4.2.1 Enhanced Melting and Molding Practice:

• Implement stricter slag control during melting and tapping to minimize inclusion formation.
• Use molding sands with higher refractoriness, permeability, and anti-burning properties to improve casting surface and internal quality.

4.2.2 Redesign of the Gating and Riser System:

• Relocate the main feeding riser from the central pin hole to a less critical area, such as between the pin holes.
• Employ side risers or exothermic risers to ensure directional solidification towards the riser, moving shrinkage defects away from the high-stress zone.
• Incorporate slag traps in the gating system to prevent inclusions from entering the mold cavity.

4.2.3 Strict Control of Heat Treatment Parameters:

• Ensure normalizing is performed within the strict temperature range of 880-960°C with sufficient soaking time to achieve full austenitization and homogenization.
• Follow controlled cooling (air cooling) to obtain the desired fine-grained ferrite-pearlite microstructure.
• Implement process monitoring and record-keeping to ensure batch consistency for all steel castings.

4.3 Enhanced Quality Assurance and Inspection Protocols

• Mandatory Pre-Assembly NDT: Introduce a 100% non-destructive inspection (e.g., magnetic particle inspection) of the central pin hole area and other critical sections before pressing in any bushings. This is a crucial quality gate for steel castings.
• Supplier Quality Management: Conduct regular audits of foundry suppliers and perform periodic destructive testing on sampled levers to verify internal soundness, microstructure, and mechanical properties.
• Improved In-Service Inspection: Develop and implement more sensitive and reliable inspection techniques for detecting early-stage cracks during routine maintenance cycles.

4.4 Consideration of Alternative Manufacturing Methods

While this analysis focuses on improving steel castings, for the highest reliability applications, alternative manufacturing processes could be evaluated:

• Forged Levers: Forgings generally offer superior mechanical properties, finer grain structure, and better fatigue resistance compared to castings due to the working of the metal.
• Weldment Fabrication: Fabricating levers from cut and welded steel plate could eliminate casting defects, but requires careful design to avoid stress concentrations at welds.

5. Conclusion and Verification

Finite element analysis confirmed that the region surrounding the central pivot pin hole is the area of maximum stress concentration in the brake caliper lever during braking. When intrinsic defects from the casting process—such as shrinkage porosity, inclusions, hot tears, or a coarse microstructure—are present in this critical zone of the steel castings, the component’s effective strength and fatigue life are severely compromised, leading to crack initiation and propagation under service loads.

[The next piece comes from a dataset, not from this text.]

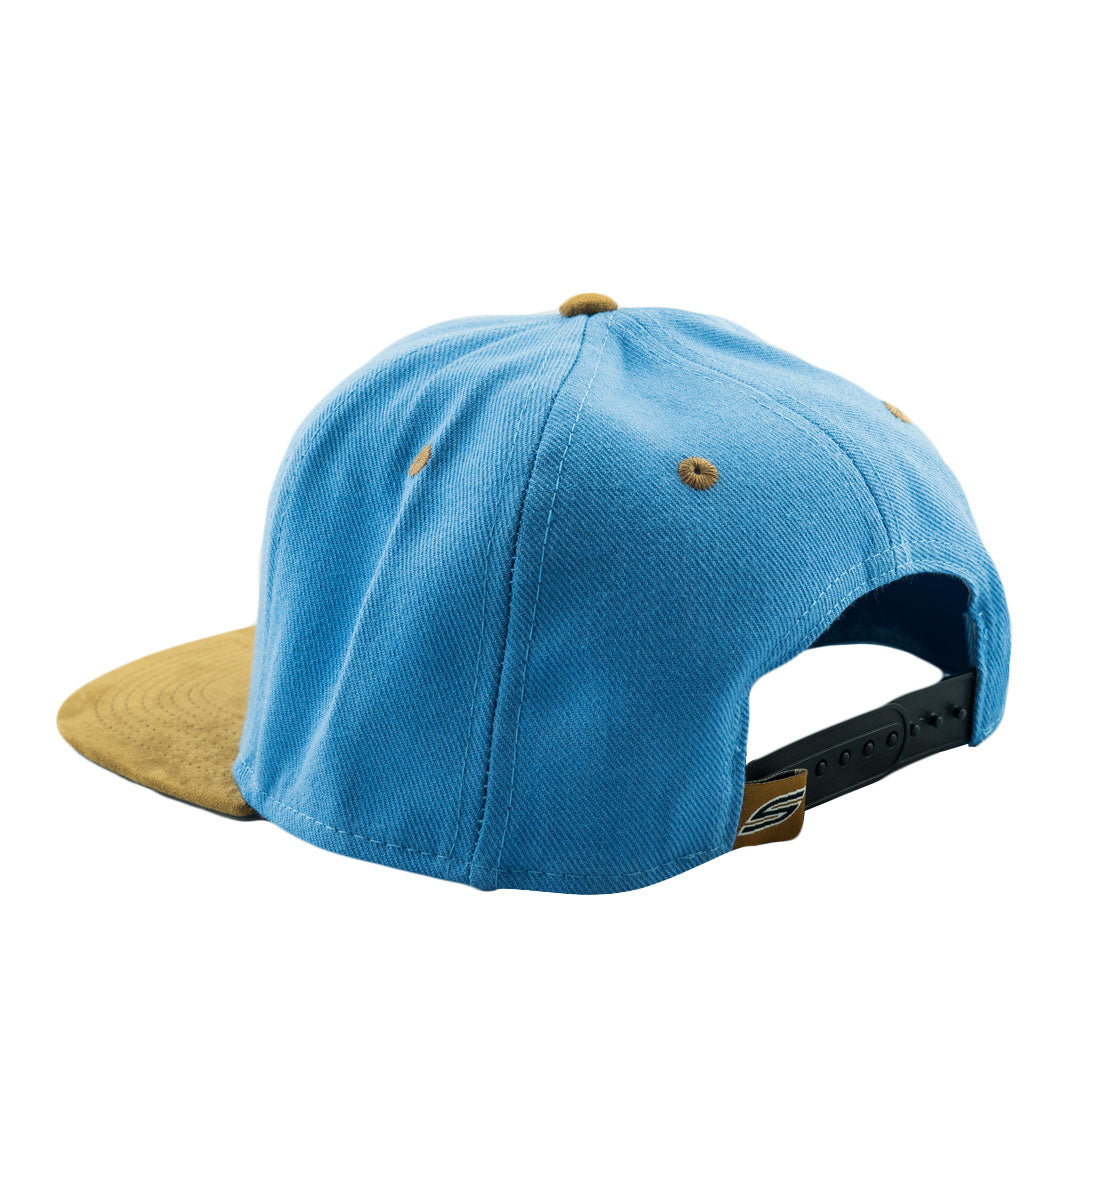 Snapback Hat, Baby Blue, Tobacco Suede Bill | Social Paintball | Headwear Hats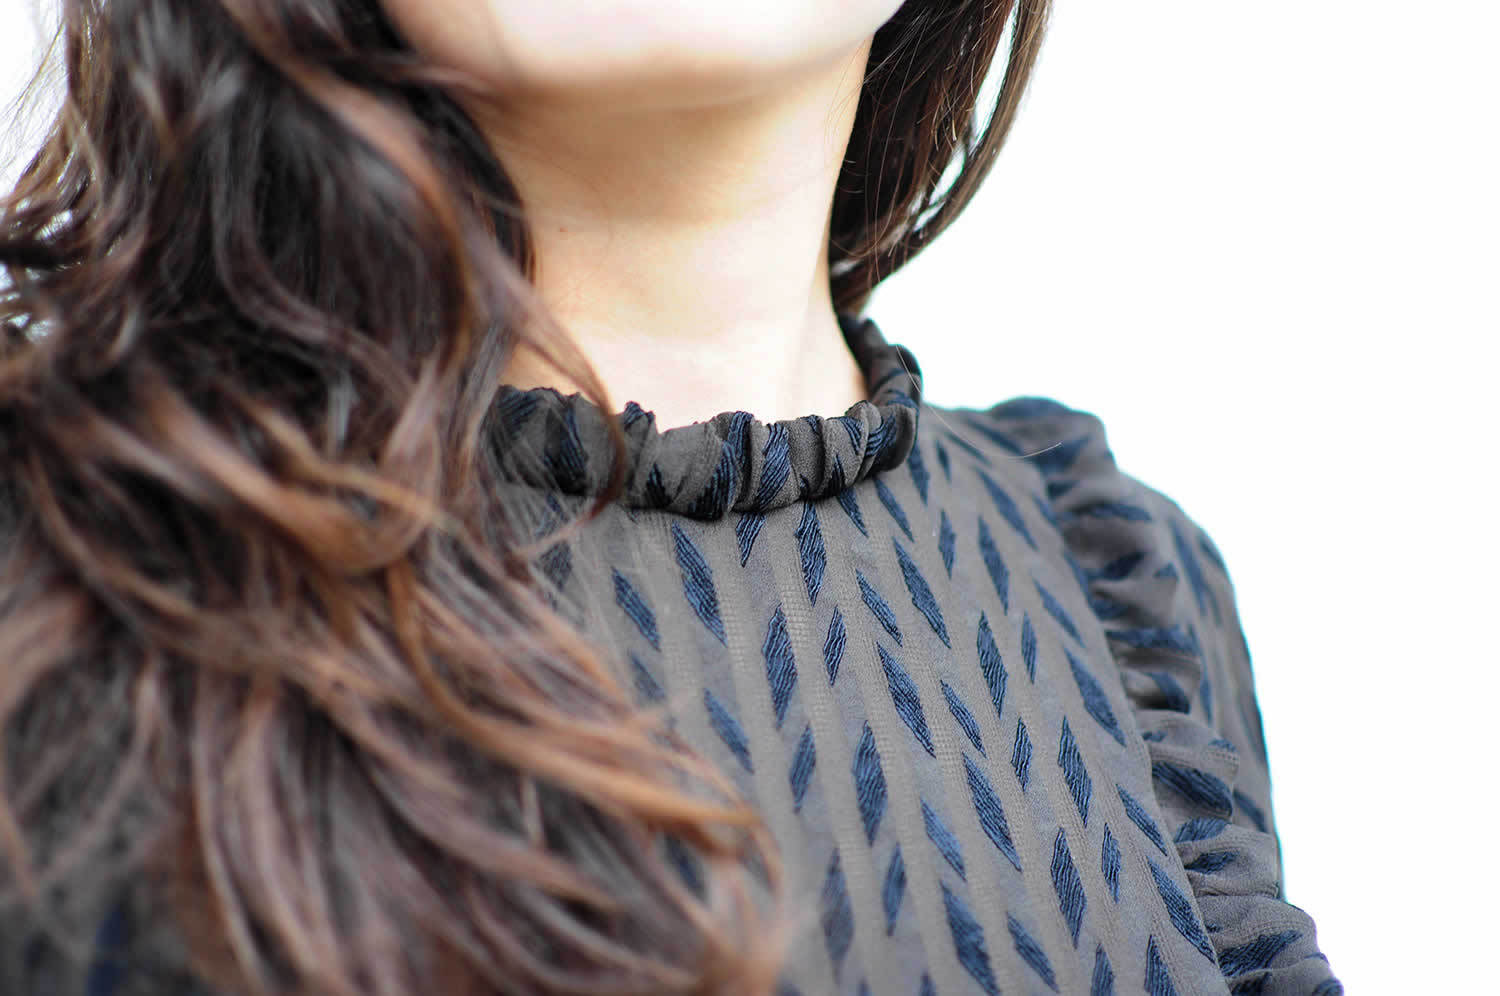 Ladulsatina - Sewing blog - Blog di cucito - Jolanda blusa by Atelier Vicolo n 6 in silk viscose blend - Front neckline details

The proposed preventive strategy involves a systemic upgrade: material enhancement to Grade B steel, fundamental optimization of the casting process (especially riser design), strict control of heat treatment, and the implementation of rigorous NDT before assembly. These measures address the root causes by improving the intrinsic quality and integrity of the steel castings themselves.

The effectiveness of these comprehensive measures is supported by field data. Over the year following the implementation of similar process optimizations and stricter quality controls on the production and maintenance of these steel castings, no further incidents of brake caliper lever fractures originating from the central pin hole have been reported. This demonstrates that a focused approach on improving the manufacturing and quality assurance of critical cast components can significantly enhance reliability and ensure the safe operation of railway vehicles.